===== Source material

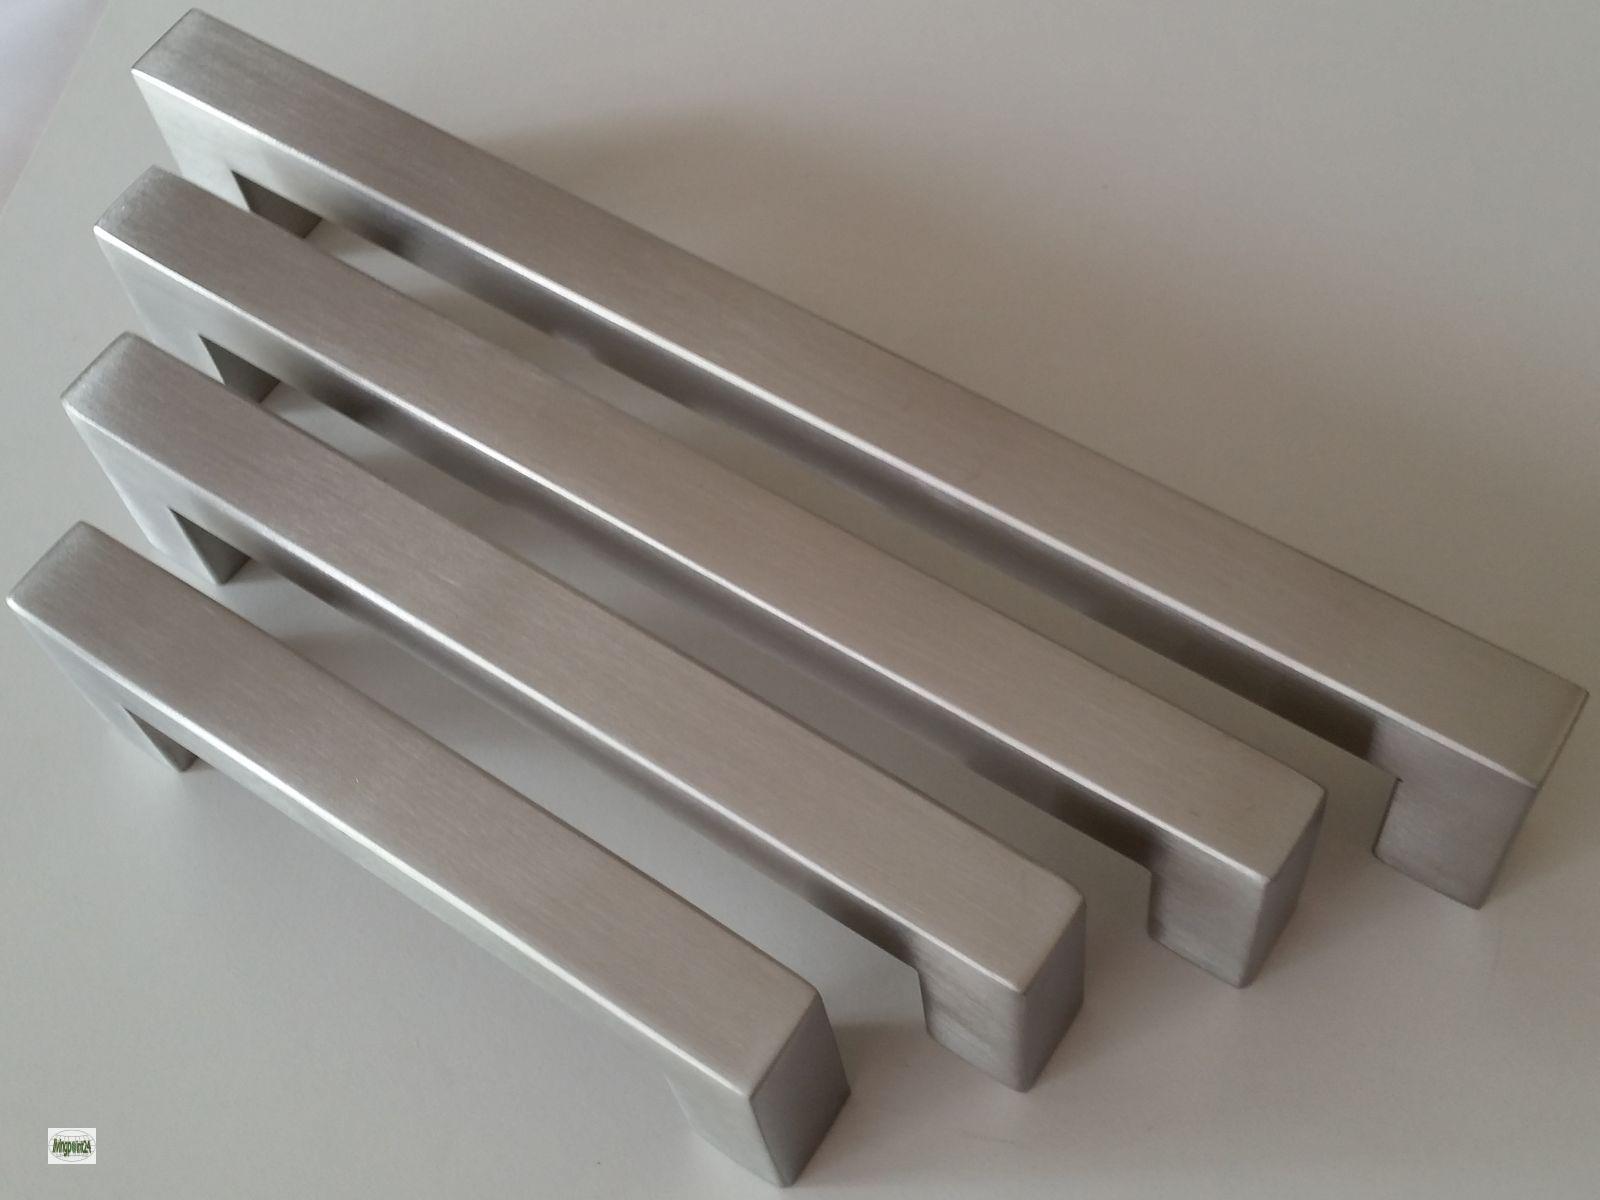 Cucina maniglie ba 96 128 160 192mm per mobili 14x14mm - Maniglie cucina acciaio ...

==========
===== Source material

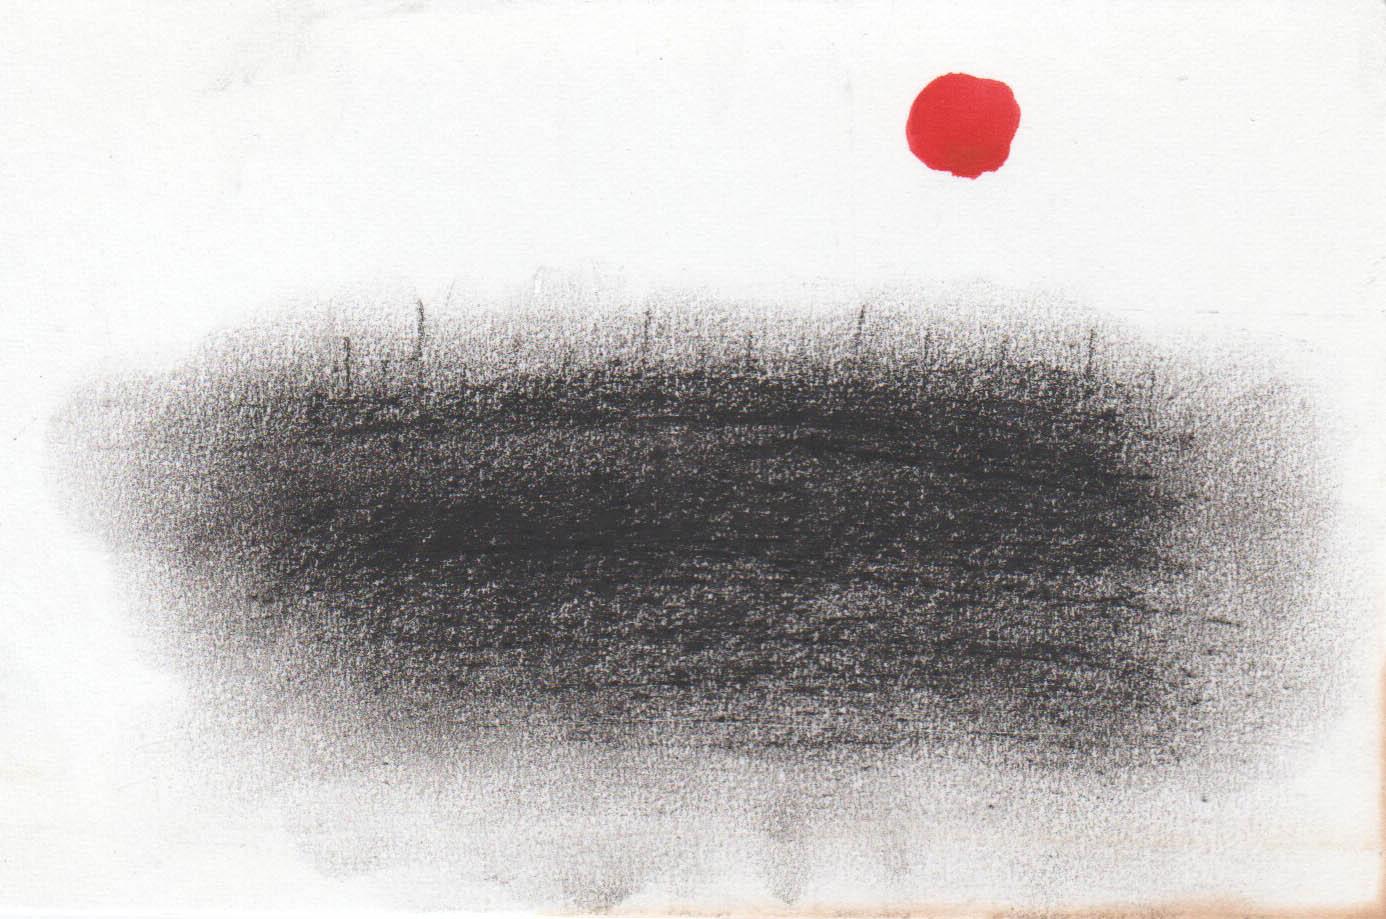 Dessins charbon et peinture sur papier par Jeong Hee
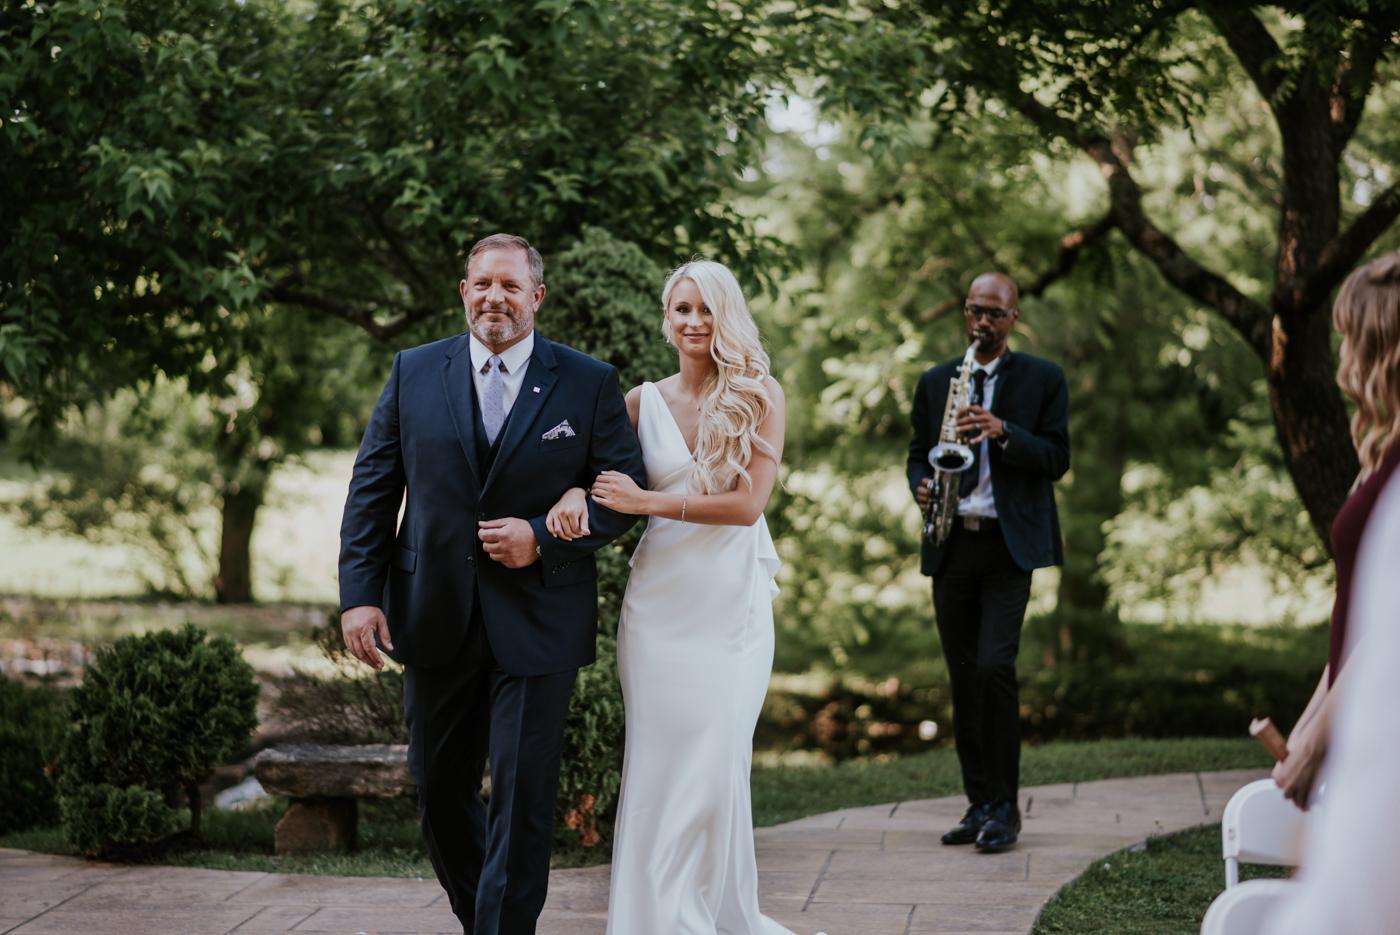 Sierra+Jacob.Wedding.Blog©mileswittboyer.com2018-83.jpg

==========

▶ What you should do:
Please repeat, exactly as written, the lines in the records above, starting with the one that has "Dessins charbon et" and going on through the one that has "Sierra+Jacob.W". Pictures are to be left out.

▶ Exercise answer:
 Dessins charbon et peinture sur papier par Jeong Hee
 Sierra+Jacob.Wedding.Blog©mileswittboyer.com2018-83.jpg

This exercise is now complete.